SPDR S&P Metals and Mining TF rates a buy up to 46, as demand-pull inflation heats up.


Portfolio Updates


Japan’s largest property developer by market value, Mitsubishi Estate (Japan: 8802, OTC: MITEY), announced that its net income rose by 75.6 percent to JPY43.6 billion in its fiscal second quarter.

In the first half of this year, the company sold 1,852 apartments, just five more units than in the same period last year, and total residential segment earnings were off by 10.9 percent compared to last year. However, Mitsubishi’s building business saw earnings rise by 10.6 percent, while commercial property development and investment earnings shot up by 207.3 percent.

Much of the increase in sales activity is thanks to the fact that Japan plans to double its national sales tax to 10 percent by 2015, with its first increase to 8 percent occurring in April. As a result, some buying demand is being pulled forward.

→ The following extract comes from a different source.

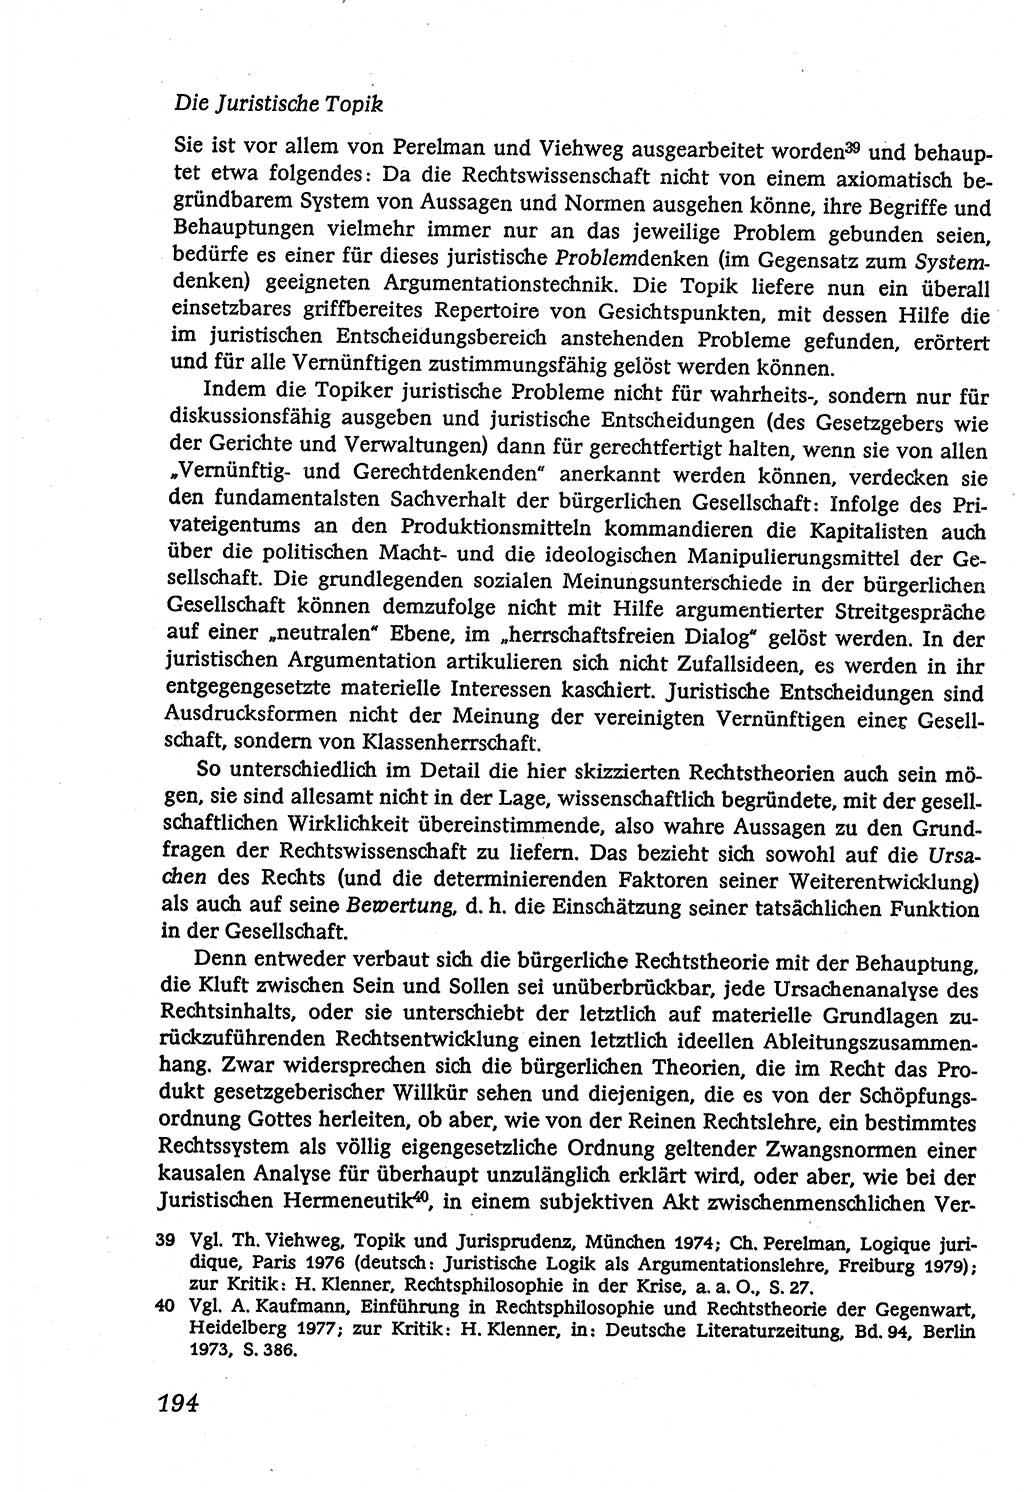 Marxistisch-leninistische (ML) Staats- und Rechtstheorie [Deutsche Demokratische Republik (DDR)], Lehrbuch 1980, Seite 194 (ML St.-R.-Th. DDR Lb. 1980, S. 194)

That’s caused management to make a slight change to its guidance for the next quarter, knocking its expected building business revenues down by one percent, while increasing its commercial property business revenues by 6.5 percent, thanks to the strong Tokyo office market.

Mitsubishi Estate is still a buy up to JPY2,900.


While coal revenues were down 9 percent at Norfolk Southern (NYSE: NSC) in the third quarter, total revenues came in better than expected thanks to growth in the chemicals, construction materials and intermodal segments.

Operating revenue was up 5 percent on a year-over-year basis, reaching $2.8 billion, with total shipment volume up 4 percent. Net income totaled $482 million in the quarter, up from $402 million in the same period last year, while earnings per share came in at $1.53, up 23 percent.

Despite this impressive performance, the consensus estimates for both this year and next haven’t budged from $6.02 and $6.71, respectively. Shares are also continuing to trade at a discount on a price-to-earnings, price-to-book and price-to-sales basis when compared to the railroad industry as a whole.

Norfolk Southern isn’t getting sufficient credit for running one of the most efficient and highest growth velocity railroads in the country. The fact that is has successfully shifted its volume mix to make up for lost coal volumes is still being discounted.

With an improving economy driving slow but steady railroad volume increases, I’m boosting my buy target on Norfolk Southern to 92.